All methods I have seen include taking the $y=x$ line as the mirror and find a point on both curves which have same slope as the mirror ($1$ in this case).
Now this method is working only because it is a very specific case as the functions are inverse of each other. The general method would be to find a common normal between the two curves and calculate the distance from where the normal intersects them.
I am trying to apply this method for the given question but am getting unexpected results.
First I found derivatives for both curves, took their reciprocals, and multiplied them by a minus sign to get the slope of the normal:
$m_{f(x)normal}=-\frac{1}{e^x}$
$m_{g(x)normal}=-x$
Now, both these slopes must be equal in case of a common normal.
But equating them yields:
$xe^x=1$
This is far from the actual answer of $x=1$ and $x=0$ where the normal intersect the curves.
Where am I going wrong?
Best Answer
The slopes you have computed for the normal for each curve are correct, but it is not always necessary that they are equal for the same value of $x$.

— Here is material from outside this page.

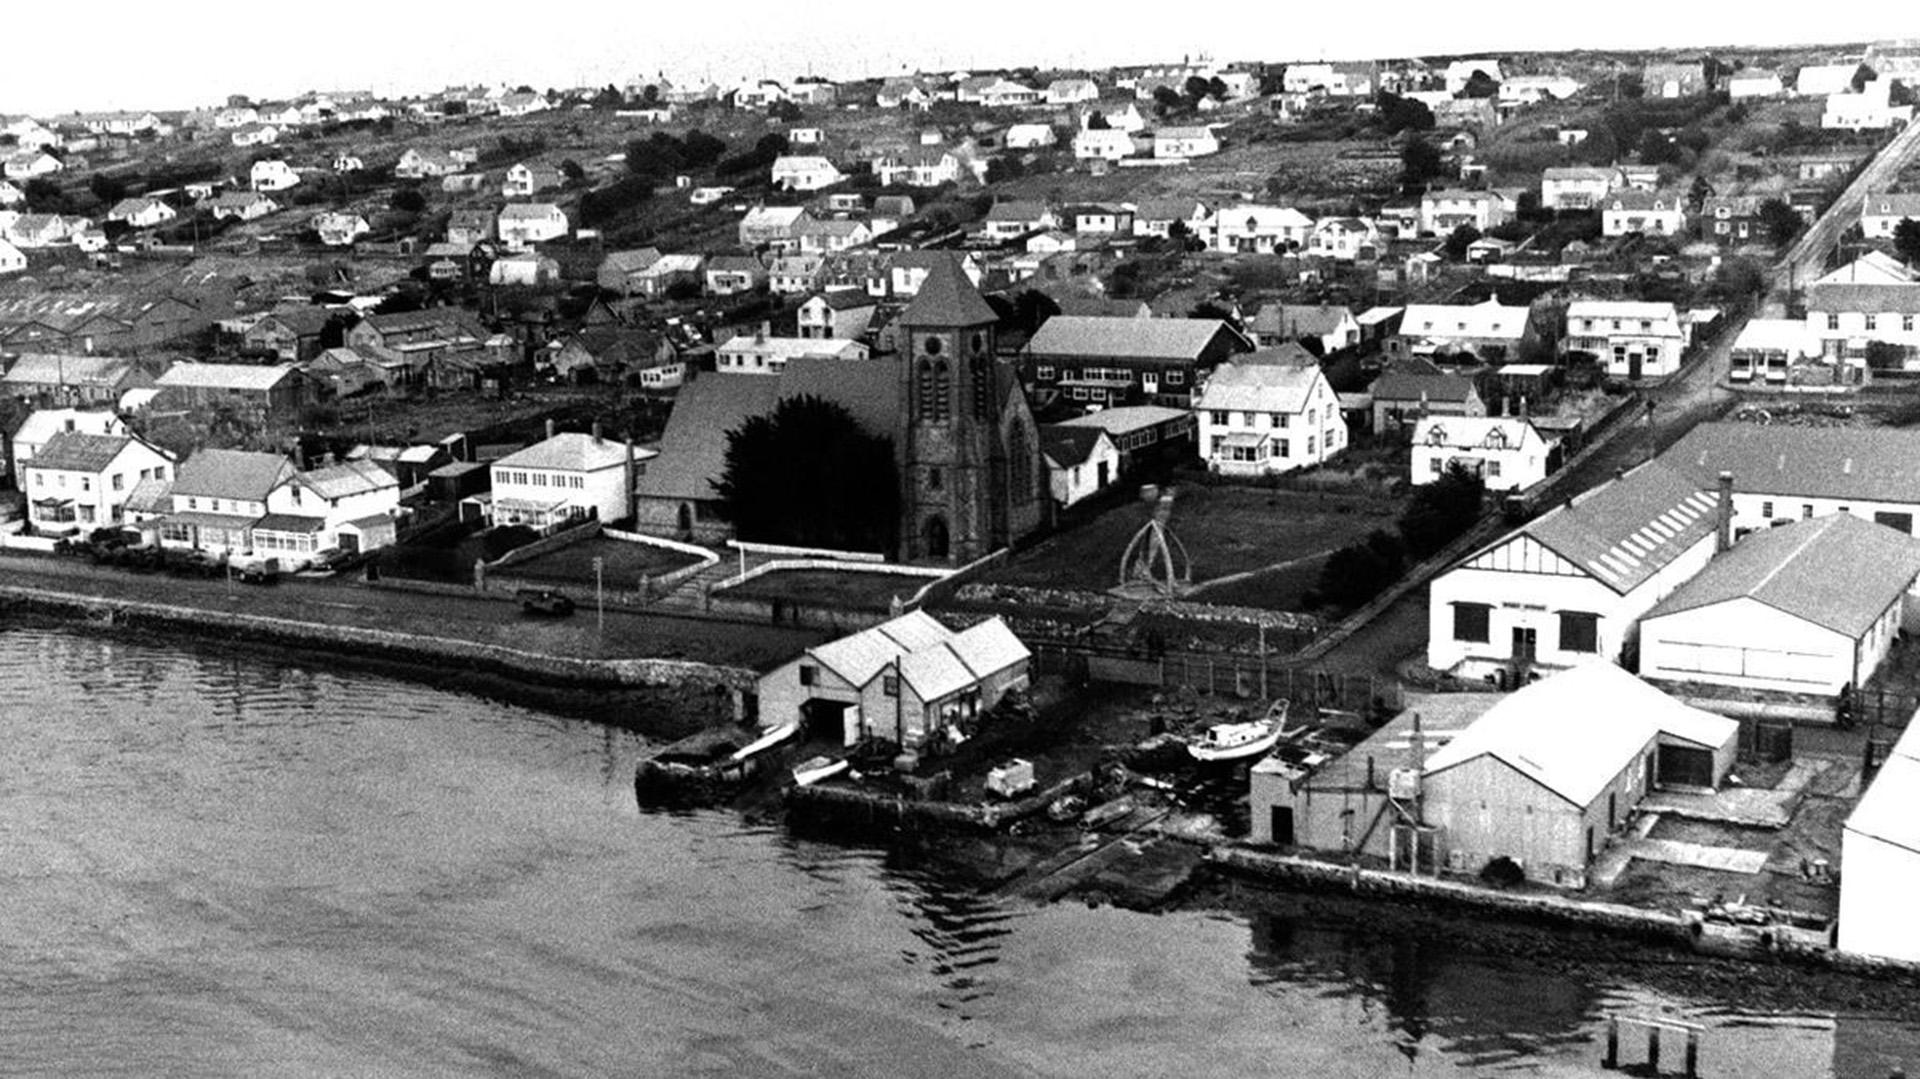 Puerto Argentino visto desde el aire el 29 de junio de 1982. En el centro de la imagen se puede observar una catedral anglicana (AP)

It must be the case that for some $x_1$, the slope of the normal at a point $(x_1, e^{x_1})$ on the curve $y=e^x$ is $-\frac{1}{e^{x_1}}$, which is equal to $(-x_2)$ which is the slope of the normal at another point $(x_2,\ln(x_2))$ on the curve $y= \ln x $.
Proceeding from this premise, we write the equations for the normal for $y=e^x$ and $y=\ln x$:
$$y-e^{x_1} = -\frac{1}{e^{x_1}}\cdot (x-x_1)$$
$$ y - \ln(x_2) = -x_2 \cdot (x-x_2)$$
Now, since these two equations represent the same normal, we equate the coefficients of $y$, $x$ and the constants. We obtain:
$$ 1 = 1$$
$$-\frac{1}{e^{x_1}} = -x_2 \tag1$$
and
$$ \frac{x_1}{e^{x_1}} + e^{x_1} = x_2^2 + \ln(x_2) \tag2$$
Using equation $(1)$, we rewrite rquation $(2)$ as:
$$ x_1 x_2 + \frac{1}{x_2} = x_2^2 + \ln(x_2)$$
From this, you can see that the values $x_1=0$ and $x_2=1$ satisfy the equations.